Career timeline from enterprise SaaS to AI product building
Logan Lincoln

About

Product executive who builds.

I've spent nine years in the engine room of enterprise B2B SaaS, most recently as Director of Product at Cotality (formerly CoreLogic) where I owned the P&L across an eight-product portfolio and led a 21-person product organisation serving Tier 1 Australian enterprises including CBA, NAB and ANZ.

That portfolio spanned property research (RP Data), consumer growth (OnTheHouse, one of Australia's highest-traffic property portals), AI-powered lead generation (Rita), digital advertising (Plezzel), valuation platforms for brokers and valuers (PropertyHub, ValConnect), and construction project intelligence (Cordell Connect). I led two M&A integrations, built give-to-get lead generation products from zero, and grew organic traffic by 25% through SEO and CRO strategy, establishing GTM as a portfolio-wide discipline.

Alongside the portfolio, I established the company's AI Governance Working Group, delivered its first commercial GenAI integration, scaled from zero to 10 production AI features in a regulated data environment, rebuilt the flagship platform to drive 20% MAU growth and 730% mobile expansion, and reduced churn by more than 30%.

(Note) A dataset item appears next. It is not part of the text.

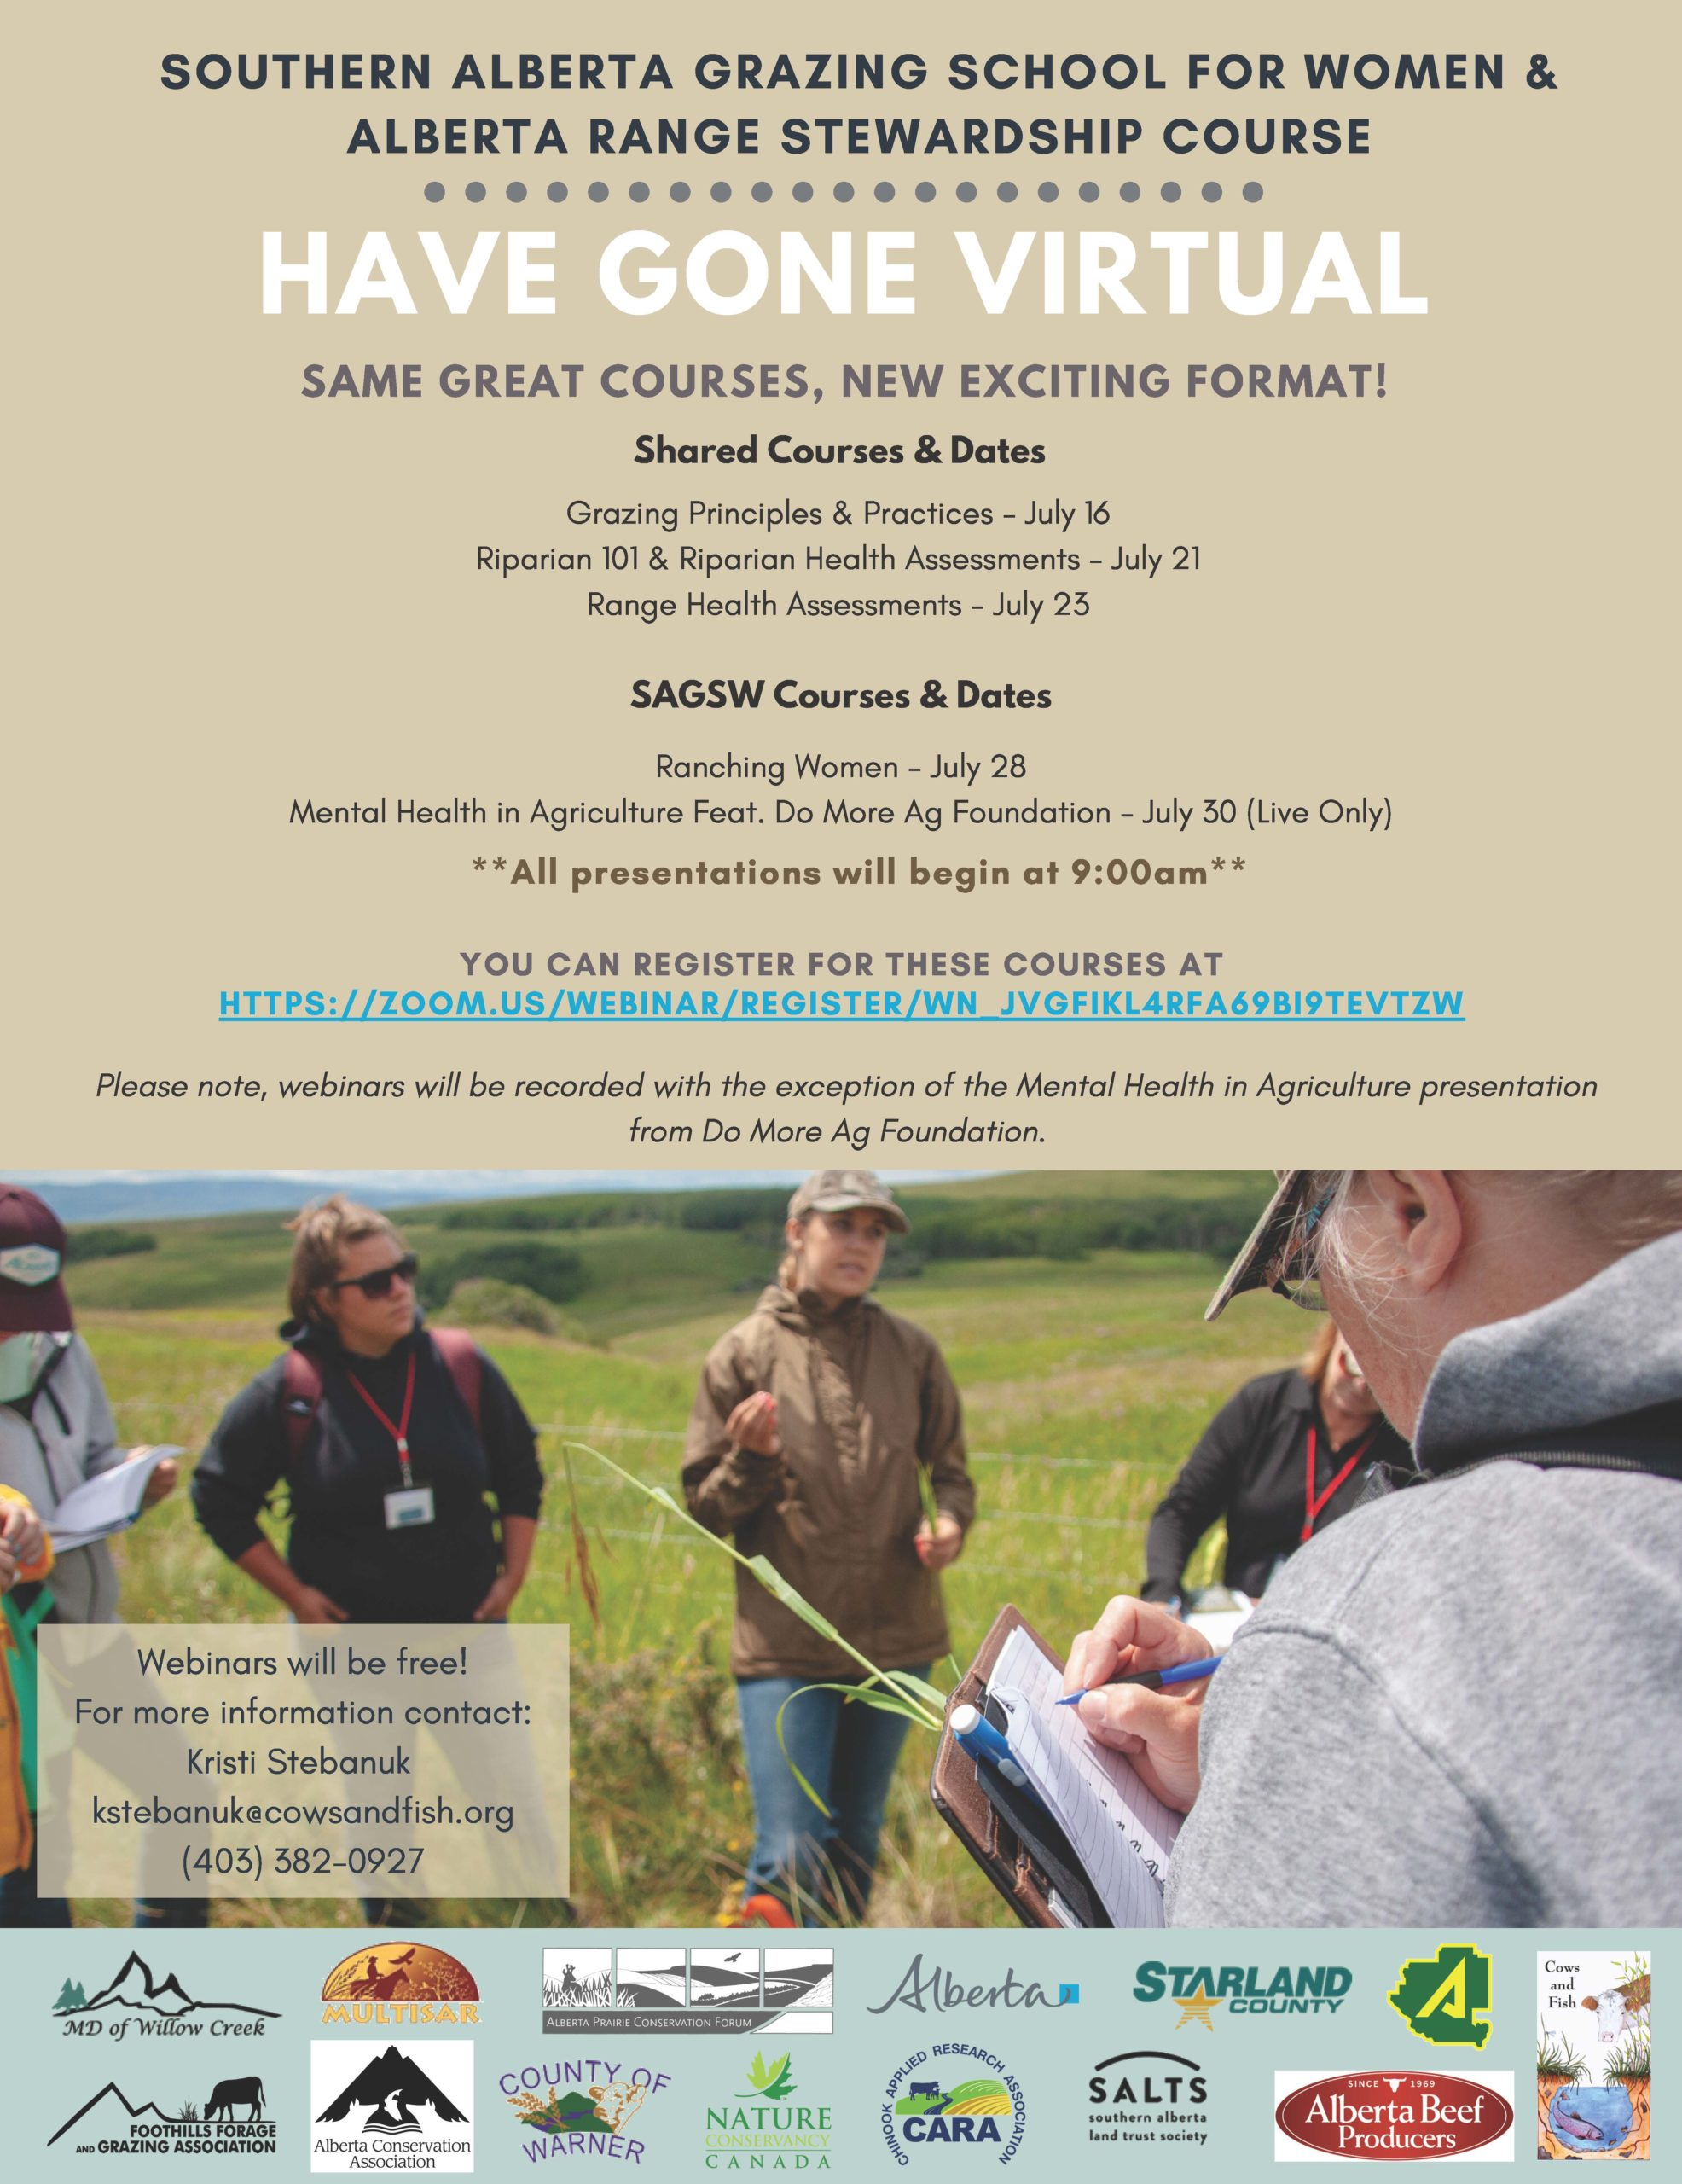 Southern Alberta Grazing School for Women and Alberta Range Stewardship Course

Solo builder workspace with multiple product interfaces

In late 2025, I made a deliberate choice to step out of the enterprise and build. Not to consult. Not to advise. To ship. I wanted to close the gap between the AI strategies I'd been defining at scale and the reality of putting AI systems into production.

The result: two production SaaS platforms (OpenChair and OpenTradie) built end-to-end as a solo operator. 50+ AI features each. Multi-model orchestration across six LLMs. AI voice agents. Eval frameworks. Native mobile apps on the App Store and Play Store. Stripe billing. Real users.

This wasn't a side project. It was a deliberate validation that AI-augmented operators can match full-stack team velocity. I replaced the output of eight specialised roles. Not by working harder, but by architecting systems that leverage AI at every layer of the stack.

What I believe

  • Product leaders must build. Leaders who haven't felt latency or been frustrated by hallucinations build strategies on fantasy.
  • AI governance is a product discipline. Not a compliance checkbox. The product leader owns the user experience, the unit economics and the deployment risk.
  • The best AI products are invisible. The future isn't chatbots. It's multi-agent systems doing background work that users never see.
  • Per-seat pricing is an existential threat to SaaS. Variable inference costs demand new commercial models. Price by work units, not logins.